All code in Tycho and JPtolemy is rated using a simple four-level system. The goal of the code rating system is to provide a platform with which we can assess and improve code quality and stability.

Overview and purpose
Code rating levels
Code rating rules
Tool support
Retrospective application of code rating
Infrequently-asked questions

Overview and purpose

The code rating system is designed to improve:

code quality
code stability

Each class is advanced through four levels of confidence by a light-weight review and testing process. There are two ratings for each class: that proposed by its author or maintainer, and that accepted by its tester and reviewers. This approach tries to maintain the accepted principles of code review and testing by people other than the author, while keeping overhead manageable for a research group.

The basic idea is that the author proposes that a class advance a level. The tester/reviewer is then responsible for examining the class (with the help of other reviewers, if necessary), writing test code for it, and either accepting or rejecting the proposed advancement. The tester/reviewer needs to provide specific and concrete reasons for rejection; the author is obliged to make needed modifications and re-submit the code.
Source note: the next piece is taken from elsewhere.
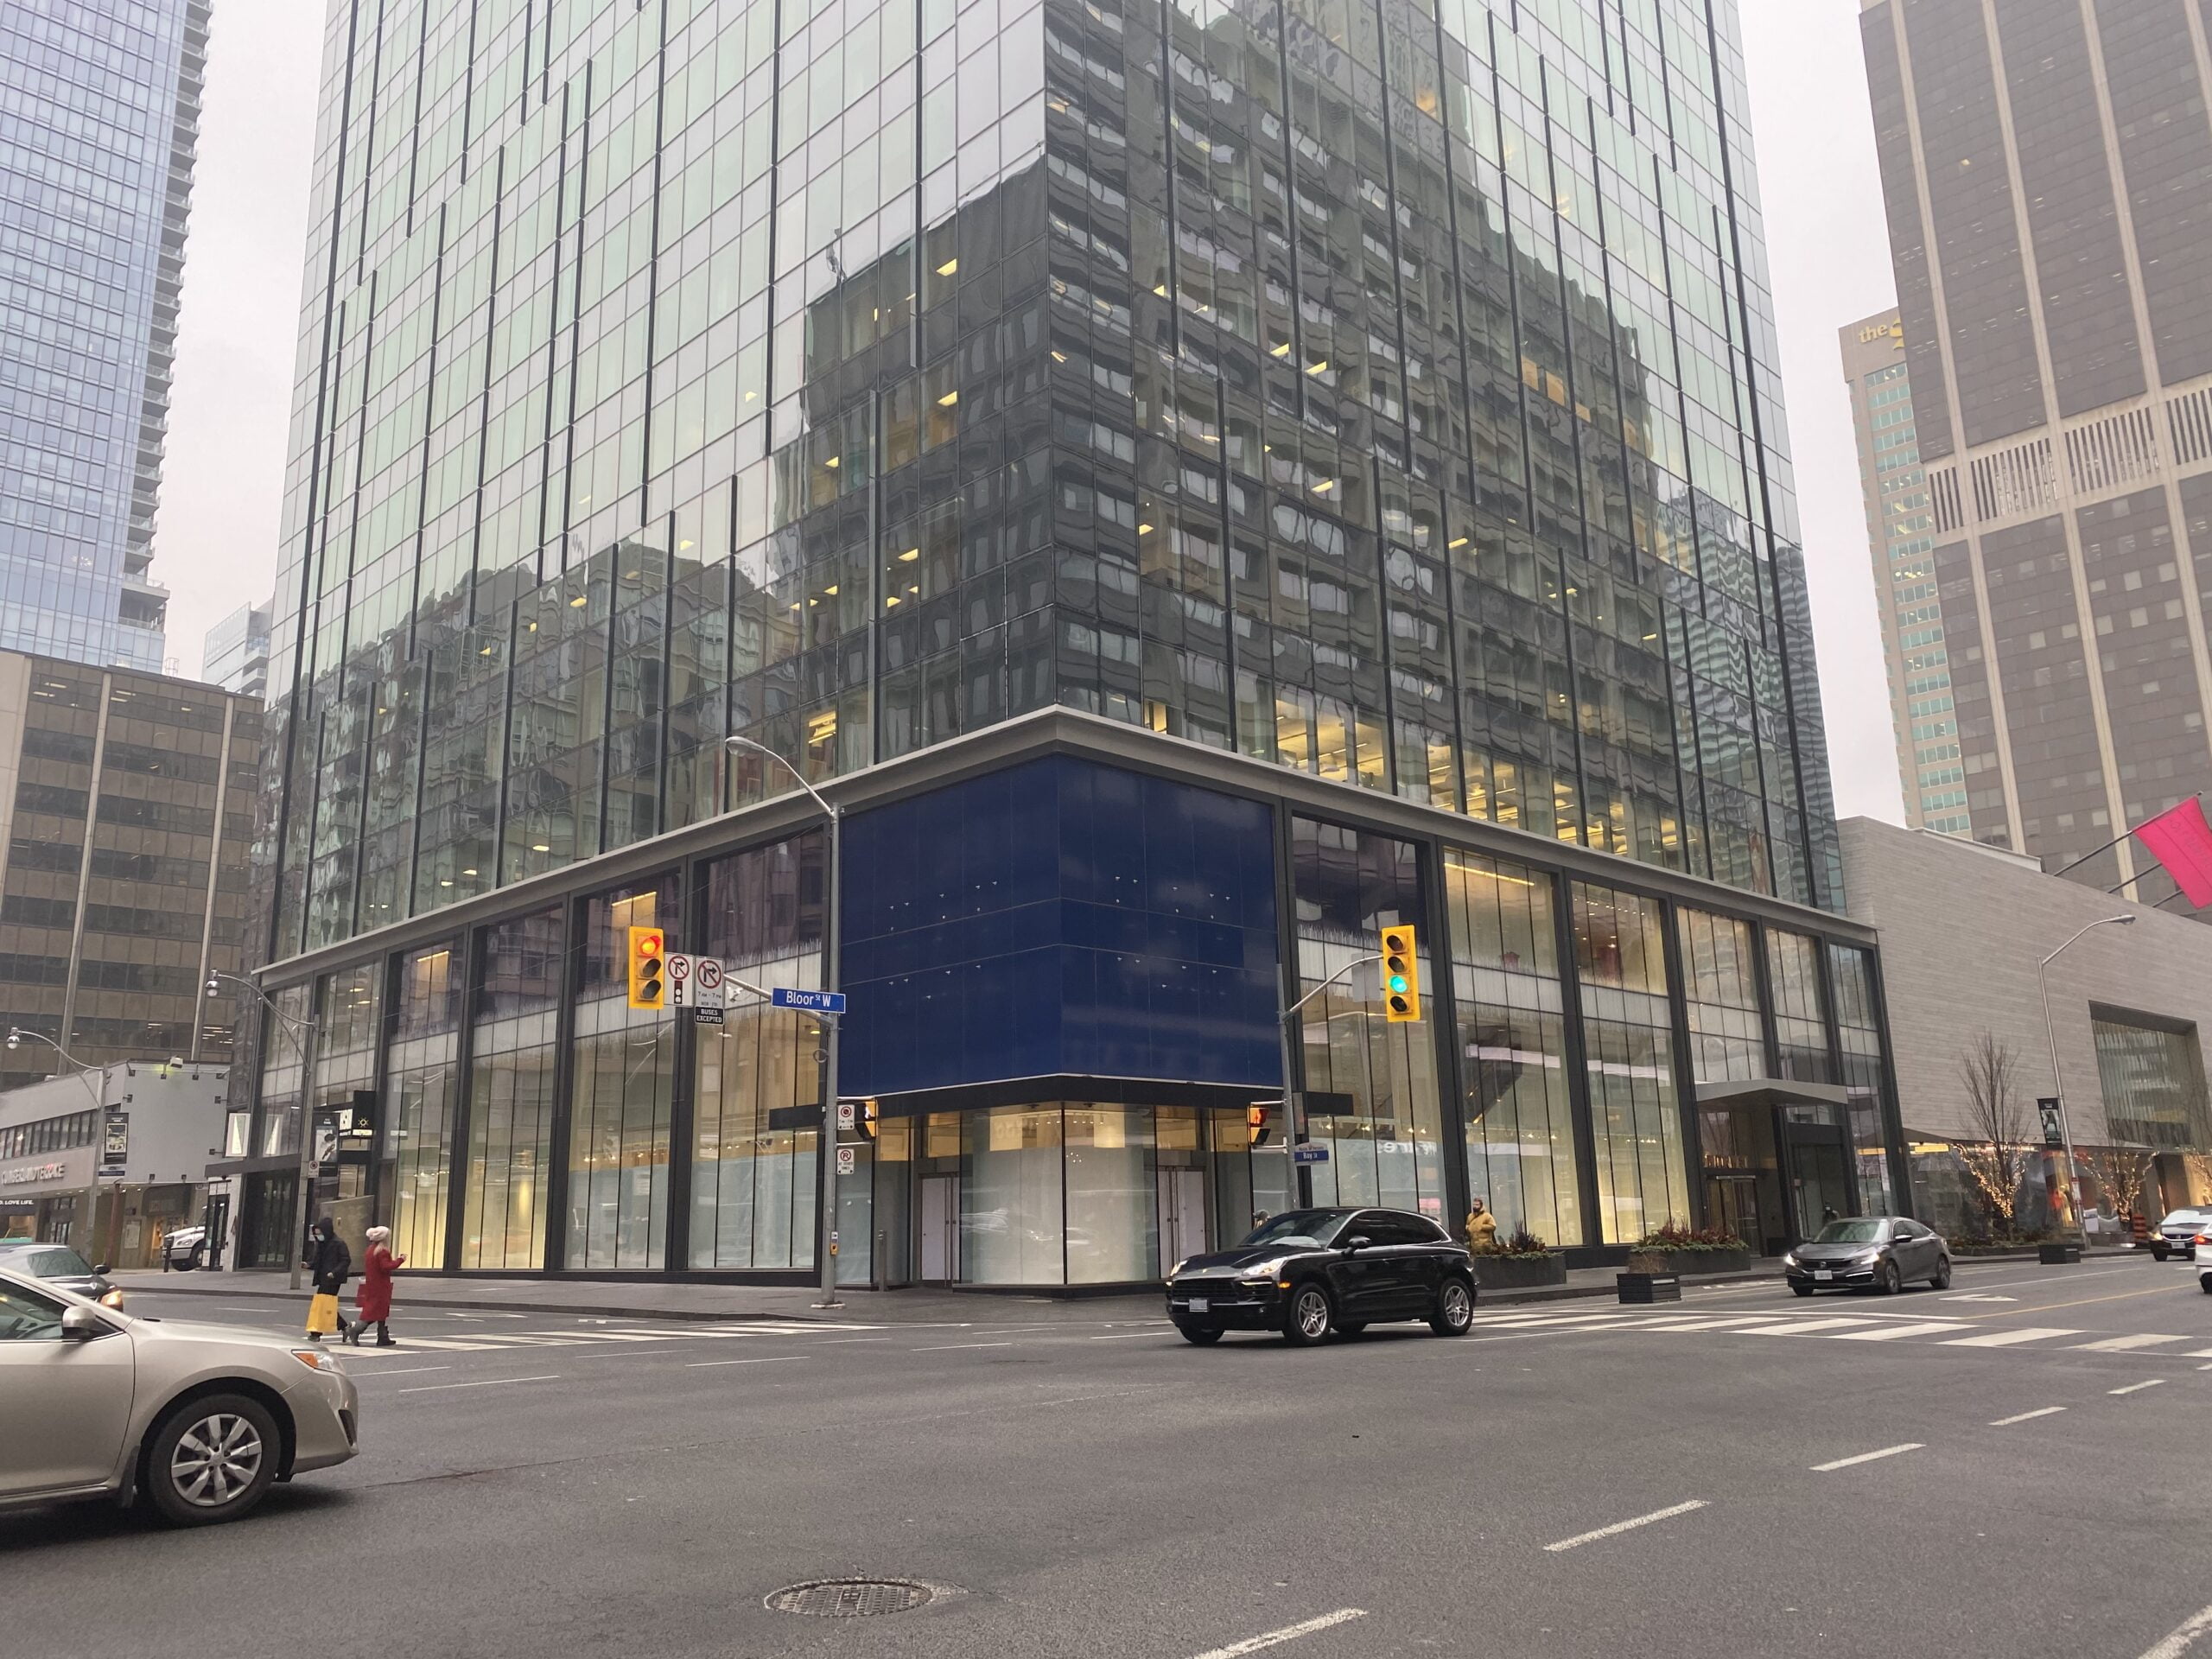 The Gap on Bloor Street West. Photo: Craig Patterson (January 14 2021)

The four levels of confidence are red, yellow, green, and blue. Each level has a well-defined meaning, which both the author and tester/reviewer are expected to satisfy before proposing or accepting advancement to that level. The level of a class or file is indicated in the file header comment with the tags @ProposedRating and @AcceptedRating. A file that has neither of these tags is unrated.

There is room within the process for design reviews and code reviews, although the degree to which these are applied is up to the author and maintainer, and may vary according to the project or sub-project in which the class lies.

Code rating levels

The four ratings are as follows:

Red

This is the starting point for all code. Red code is in flux, and cn be expected to changed without warning. Code that calls red code does not need to be modified by the author if changes in the red code break the calling code. Red code should never be released.

Proposing advancement: Code is made red simply by adding the @ProposedRating tag followed by "red" to the file header comment. The author should do this, and should also add the @AcceptedRating tag (solely for the purpose of making it easier to search with grep). At the same time, the author should check the file into the shared development tree, add it to the appropriate makefile, and check that the build does not fail.
Accepting advancement: "Advancement" to red is automatic. If the author does not add the @AcceptedRating tag, the code rating tools will assume that it is red.
Acceptable changes: Any changes at all can be made to red code, with one significant condition: red code that is checked into the shared development tree must not cause the build to fail.

Yellow

The interface and overall design of yellow code is considered to be acceptable. Clients can code to this interface with the expectation that further changes will be limited to revisions, not major changes. Clients cannot expect that yellow code has any functionality behind the interface. Yellow code should generally not be released.

Proposing advancement

The author proposes advancement to yellow when he/she is satisfied with the design of the class, and how it collaborates with other classes. Before proposing advancement to yellow, the author is responsible for making sure that the class is adequately documented and that automatically generated documentation produced by tydoc or javadoc is correct and reasonably complete. The author is also responsible for ensuring that appropriate design documentation -- UML diagram, for example -- is complete and readable.

Accepting advancement

The tester/reviewer accepts advancement to yellow when he/she is satisfied that the design of the class is satisfactory. What "satisfactory" means is a matter of judgment, based on the project the work is taking place in and the stated purpose of the class. The tester/reviewer should evaluate the design and interface of the class solely on the basis of the design documentation and the documentation generated by tydoc or javadoc -- in other words, without reading the source code. Note that, in the case of classes which are designed to be subclassed, this includes the (protected) interface provided to subclasses.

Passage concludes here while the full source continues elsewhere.